A unified storage system consists of the following key components: storage controller, NAS head, OSD node, and storage. Figure 8.9 illustrates the block diagram of a unified storage platform.
Figure 8.9 Unified storage platform
The storage controller provides block-level access to application servers through iSCSI, FC, or FCoE protocols. It contains iSCSI, FC, and FCoE front-end ports for direct block access. The storage controller is also responsible for managing the back-end storage pool in the storage system. The controller configures LUNs and presents them to application servers, NAS heads, and OSD nodes. The LUNs presented to the application server appear as local physical disks. A file system is configured on these LUNs and is made available to applications for storing data.

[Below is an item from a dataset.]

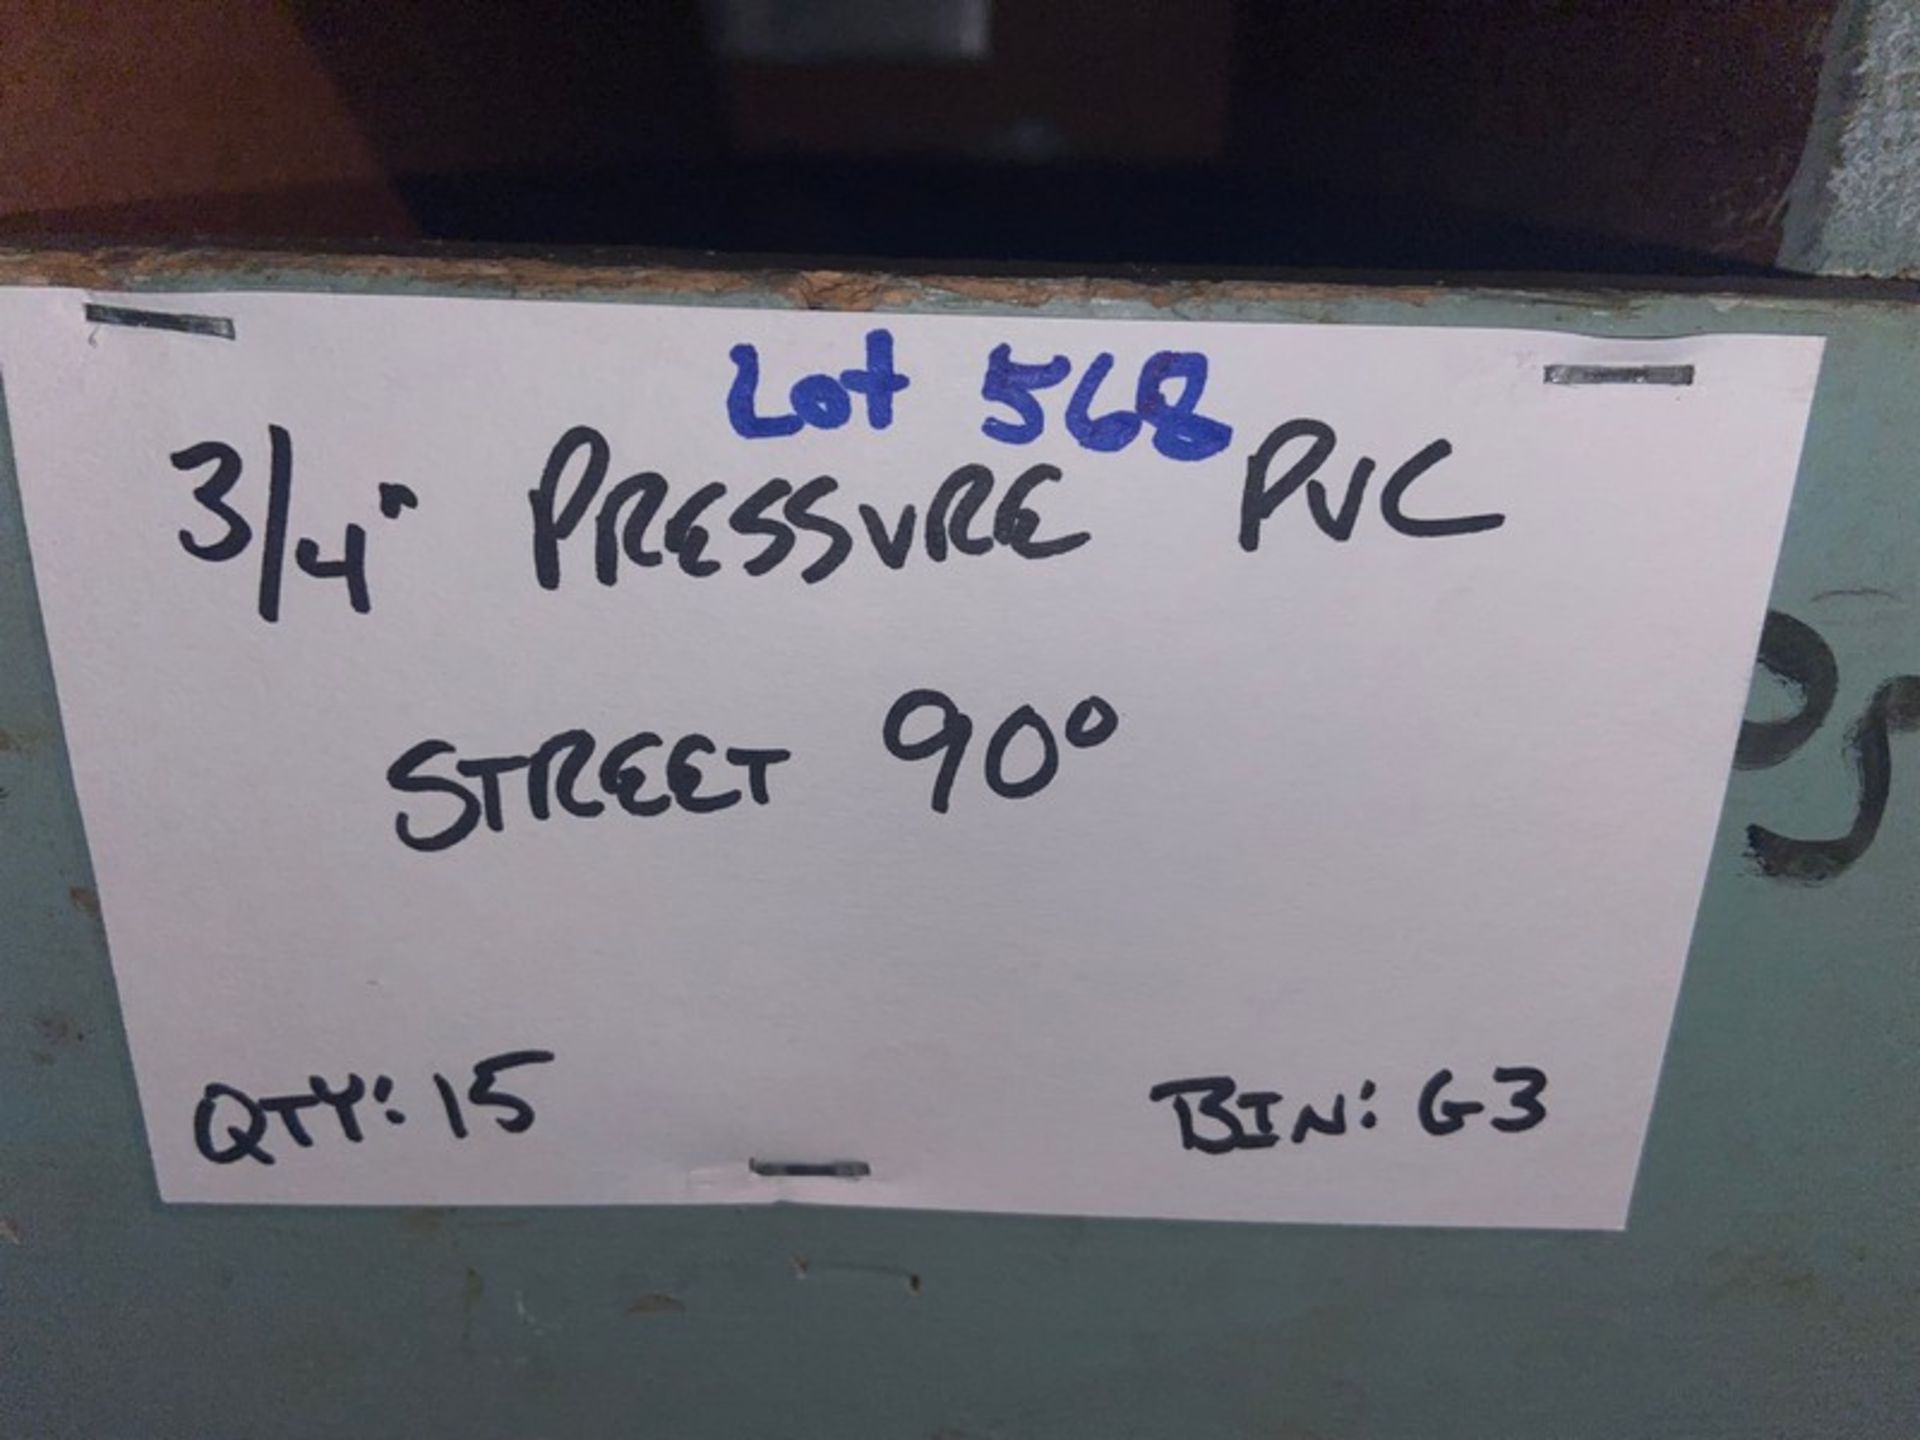 (15) 3/4” Pressure PVC Stree5 (Bin:G3), Includes (48) 3/4” Pressure PVC 45’ (Bin:G3) (LOCATED IN - Image 4 of 8

A NAS head is a dedicated file server that provides file access to NAS clients. The NAS head is connected to the storage via the storage controller typically using a FC or FCoE connection. The system typically has two or more NAS heads for redundancy. The LUNs presented to the NAS head appear as physical disks. The NAS head configures the file systems on these disks, creates a NFS, CIFS, or mixed share, and exports the share to the NAS clients.
The OSD node accesses the storage through the storage controller using a FC or FCoE connection. The LUNs assigned to the OSD node appear as physical disks. These disks are configured by the OSD nodes, enabling them to store the data from the web application servers.